Tears burned my eyes. "You don't know what you're talking about."

"I know exactly what I'm talking about. I've spent weeks studying you. Watching you refuse help. Watching you struggle. Watching you choose poverty over accepting that you deserve better." His voice softened. "The consulting offer stands. Take it. Save yourself. Let someone help you for once."

"Why do you care?"

"I already told you. You're rare. You matter. And I protect things that matter to me."

I couldn't speak.

He walked to the door, then paused.

"Think about it. The offer doesn't expire. Whenever you're ready, just say yes."

Then he left.

I sat at my desk, staring at the eviction notice.

Sixty days.

That night, I spread all my bills across the kitchen table.

Rent. Student loans. Utilities. My mother's groceries. My father's medications. The list went on and on.

Four hundred thirty-seven dollars.

I put my head down on the table and cried.

My phone buzzed.

Text message from Zachary.

I opened it through tears.

'Offer still stands. Whenever you're ready.
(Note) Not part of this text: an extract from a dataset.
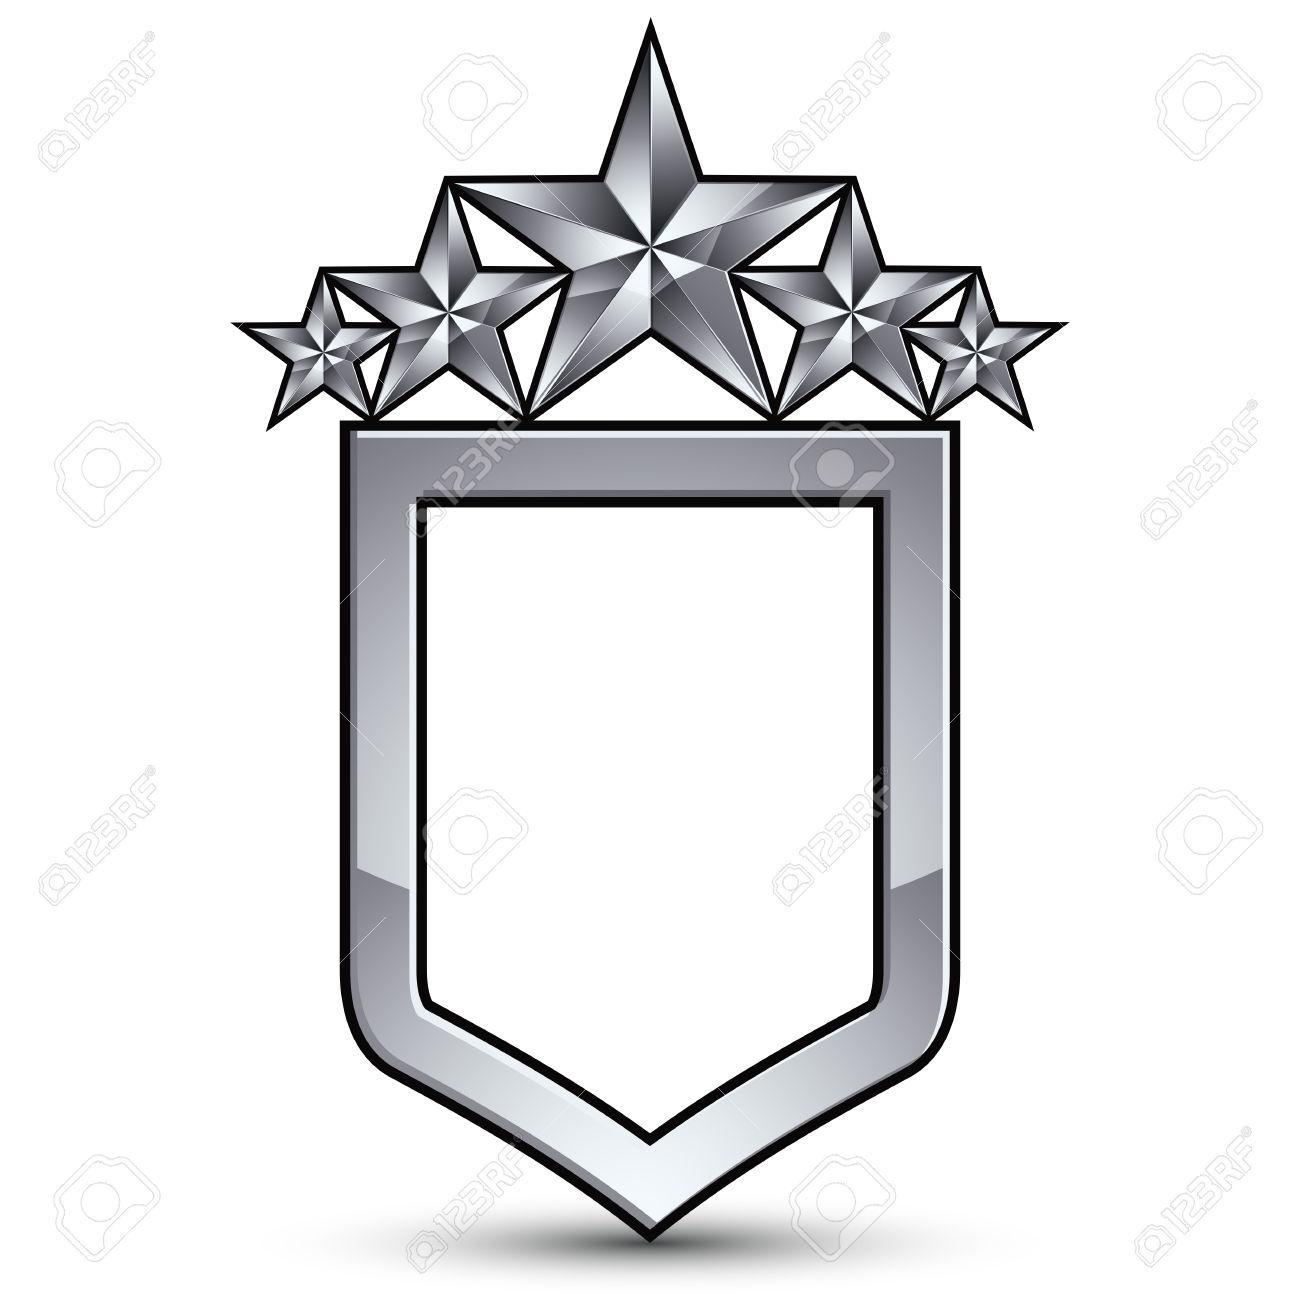 Festive Emblem With Silver Outline And Five Pentagonal Stars.

No judgment.'

I stared at the message.

He wasn't pushing. Wasn't demanding. Just reminding me the door was open.

My fingers hovered over the keyboard.

I could say yes. Take the job. Solve all my immediate problems.

All I had to do was cross the line.

Another text came through.

'You deserve help, Nina. You deserve to not be drowning. Let me give you that.'

I looked at the bills. At the eviction notice. At my bank balance.

At the reality of my life.

My fingers moved across the screen.

But I stopped before hitting send.

Not yet.

I wasn't ready to say yes.

But I was starting to wonder how much longer I could say no.